Life cycle of Babesia microti

Immature Fasciola eggs are discharged in the biliary ducts and in the stool. Eggs become embryonated in water, eggs release miracidiawhich invade a suitable snail intermediate host, including the genera Galba, Fossaria and Pseudosuccinea. In the snail the parasites undergo several developmental stages (sporocysts). The cercariae are released from the snail and encyst as metacercariae on aquatic vegetation or other surfaces. Mammals acquire the infection by eating vegetation containing metacercariae. Humans can become infected by ingesting metacercariae-containing freshwater plants, especially watercress. After ingestion, the metacercariae excyst in the duodenum and migrate through the intestinal wall, the peritoneal cavity, and the liver parenchyma into the biliary ducts, where they develop into adult flukes.

In humans, maturation from metacercariae into adult flukes takes approximately 3 to 4 months. The adult flukes (Fasciola hepatica: up to 30 mm by 13 mm; F. gigantica: up to 75 mm) reside in the large biliary ducts of the mammalian host. Fasciola hepatica infect various animal species, mostly herbivores (plant-eating animals).

Life cycle image and information courtesy of DPDx.

DISEASE


Human fascioliasis is usually recognized as an infection of the bile ducts and liver, but infection in other parts of the body can occur.

In the early (acute) phase, symptoms can occur as a result of the parasite's migration from the intestine to and through the liver. Symptoms can include gastrointestinal problems such as nausea, vomiting, and abdominal pain/tenderness. Fever, rash, and difficulty breathing may occur.

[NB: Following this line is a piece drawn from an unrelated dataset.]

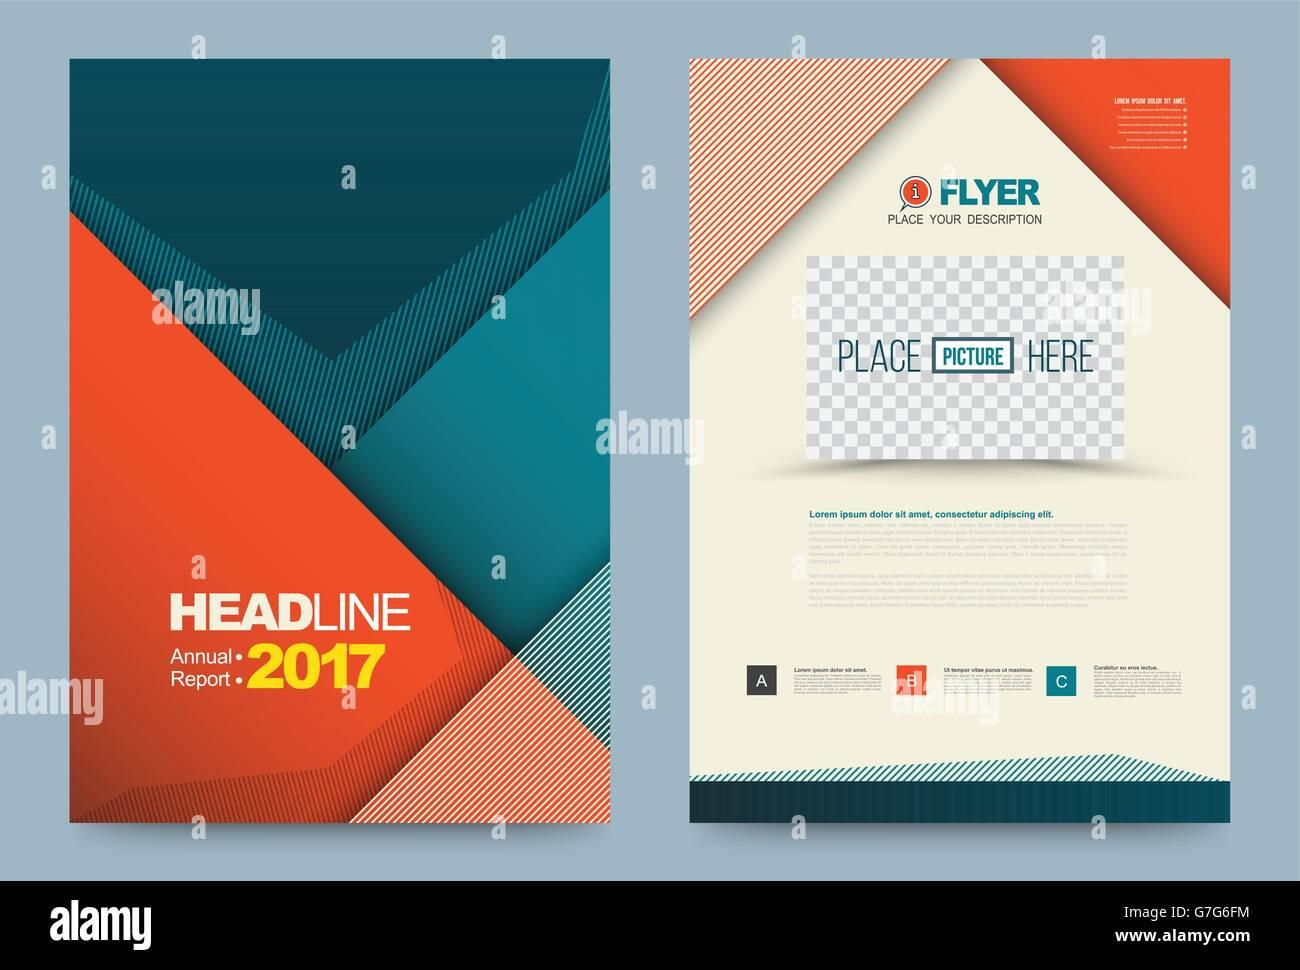 cover template design for business annual report flyer brochure, Template Presentation Brochure, Presentation templates
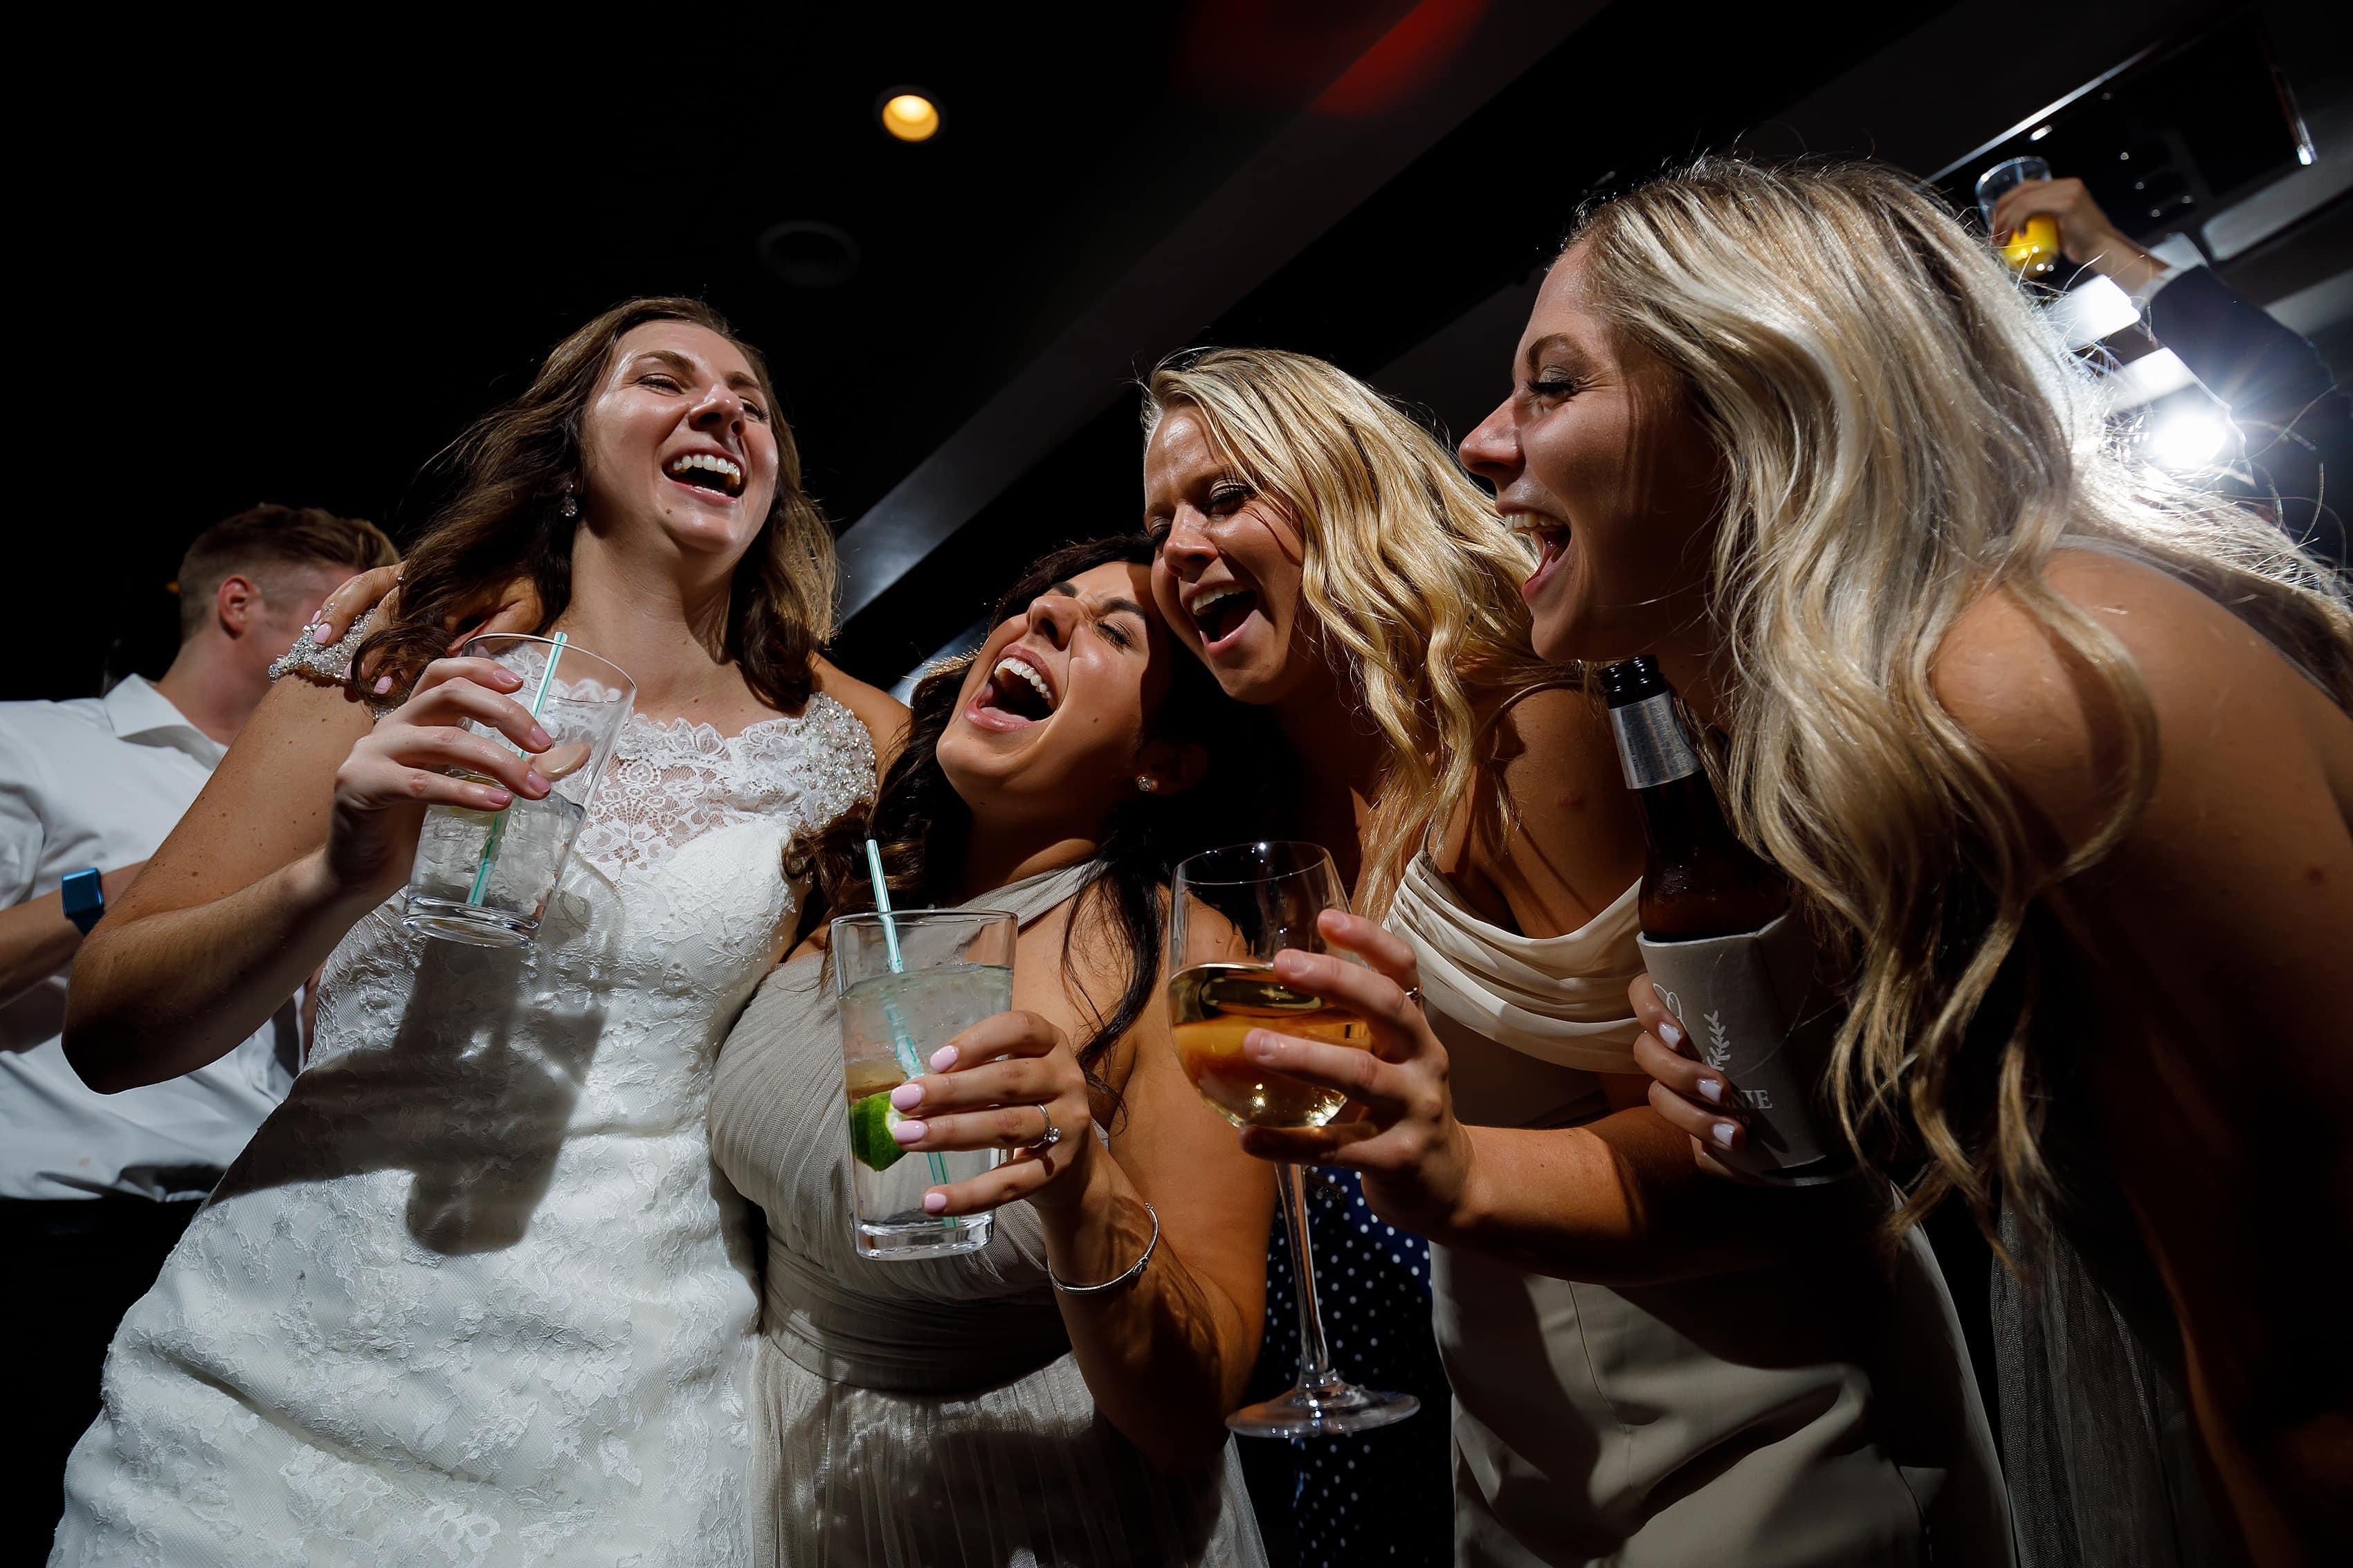 Wedding guests dance during reception at Lake Geneva Yacht Club in Lake Geneva, Wisconsin

During the chronic phase (after the parasite settles in the bile ducts), the clinical manifestations may be similar or more discrete, reflecting inflammation and blockage of bile ducts, which can be intermittent. Inflammation of the liver, gallbladder, and pancreas also can occur.

DIAGNOSIS


The standard way to be sure a person is infected with Fasciola is by seeing the parasite. This is usually done by finding Fasciola eggs in stool (fecal) specimens examined under a microscope. More than one specimen may need to be examined to find the parasite. Sometimes eggs are found by examining duodenal contents or bile.

Infected people don't start passing eggs until they have been infected for several months; people don't pass eggs during the acute phase of the infection. Therefore, early on, the infection has to be diagnosed in other ways than by examining stool. Even during the chronic phase of infection, it can be difficult to find eggs in stool specimens from people who have light infections.

Certain types of blood tests can be helpful for diagnosing Fasciola infection, including routine blood work and tests that detect antibodies (an immune response) to the parasite.

PREVENTION AND CONTROL


No vaccine is available to protect people against Fasciola infection.

In some areas of the world where fascioliasis is found (endemic), special control programs are in place or are planned. The types of control measures depend on the setting (such as epidemiologic, ecologic, and cultural factors). Strict control of the growth and sale of watercress and other edible water plants is important.

Individual people can protect themselves by not eating raw watercress and other water plants, especially from endemic grazing areas. As always, travelers to areas with poor sanitation should avoid food and water that might be contaminated (tainted). Vegetables grown in fields that might have been irrigated with polluted water should be thoroughly cooked, as should viscera from potentially infected animals.